Figure 1.  SCIENCE EMPIRE!!!!! of SCIENCE!!! Genuine bonifide electrified science thing! 
First of all, this should be the song playing in your head while you read this:



My dad and I built this bomb-proof bastion of experimental ecology with our own two hands!  Witness my dad (Figure 2) and I (Figure 3) building:

Figure 2. My dad building. Way to do go, dad!  Father-daughter bonding time!

Figure 3. I building. Check out my rad new cordless drill, too! You know your 
dad loves you when he gives you a drill that's better than his own for your birthday.

Proof. We built it.  So ... uh, is it rude to ask at this point what it is that it is? Not at all my good man!
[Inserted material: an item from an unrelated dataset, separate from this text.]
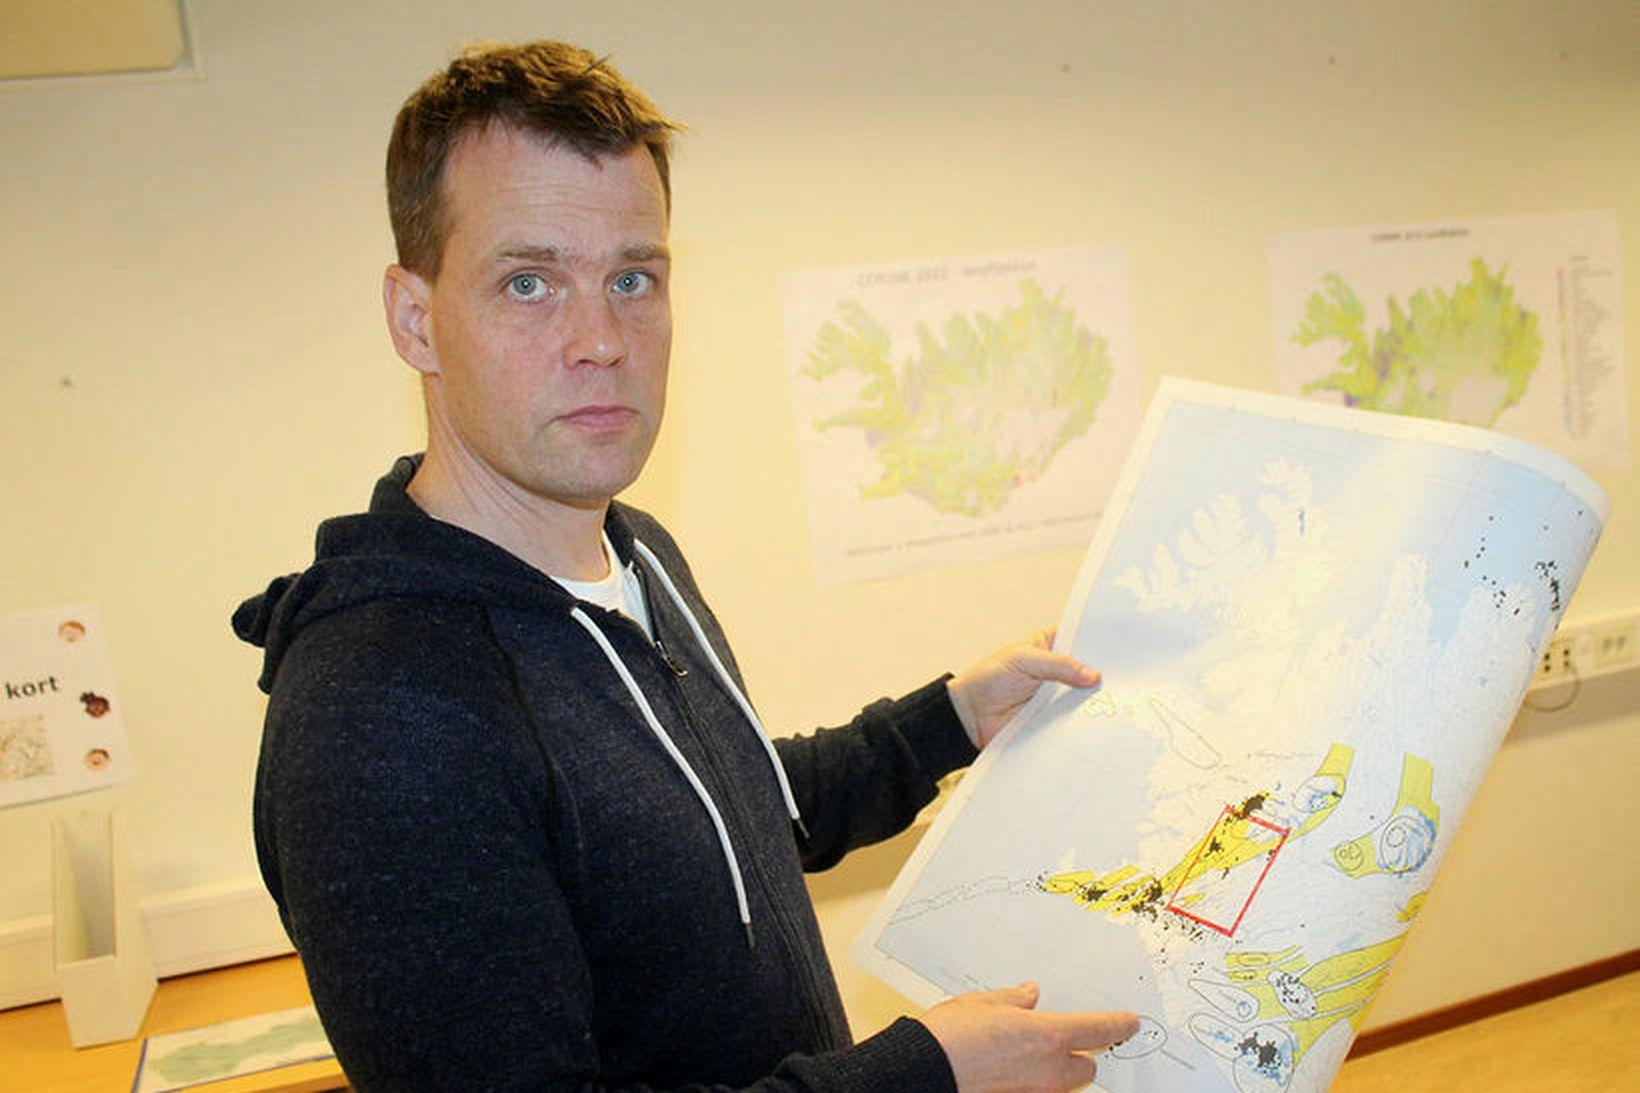 Gunnar Haukur Kristinsson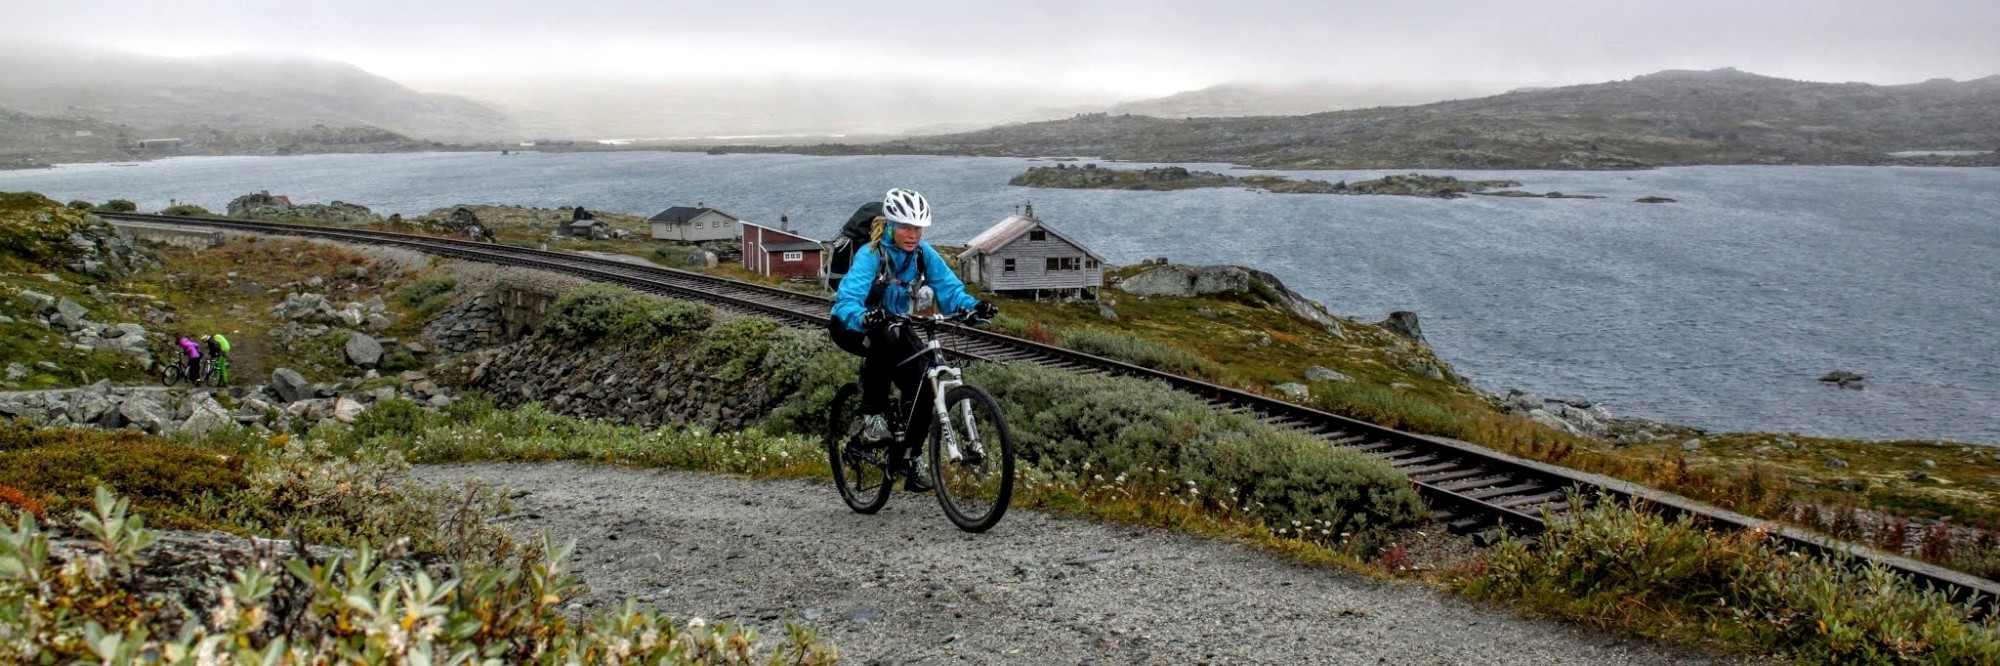 header foto rallarvegen noorwegen

I made a rack system to provide flowing sea-water to mesocosms (Wikipedia knows everything!).  So what you're looking at are 5 racks with three shelves, each shelf having 7 valves, so I can provide a total of 105 separate plastic shoe boxes/mesocosms with independent sea water flow.  The tupperware boxes on the middle three racks in Figure 1 are, you guessed it, said mesocosms.  Water flows into the shoe boxes and then leaves the racks via a gutter system.  

Doing science is fun because you get to learn all sorts of new skills that you will only ever use once.  I had construction experience before this project, but I can now add plumbing (PVC) and gutter installation to my CV.  Sort of ... there have been some occasions on which it looked more like a water park than PhD research.  

More details will follow about what exactly I'm doing with this contraption. But over the next three [or so] years, I'll be running experiments using this system.  It's all being done at Shannon Point Marine Center (SPMC = rad), which is affiliated with Western Washington University.  The place is overrun with bald eagles and tame deer, it's a little nuts.  I will also point out that this venture has obviously not been free. 

Scope my donor recognition system:


Figure 4. Thank you, UW Biology Edmondson Award!

Figure 5. Thank you, Conchologists of America!
I also have to thank the Pacific Northwest Shell Club (as always) because they are the raddest people ever, as well as the UW Wingfield-Ramenofsky Award.  They both have little plaques too, but I don't yet have anything running on those racks, so it looks boring.


As of yesterday, experiment one is off and running!  So, barring any further unscheduled geyser activity at Shannon Point, Ima do some science!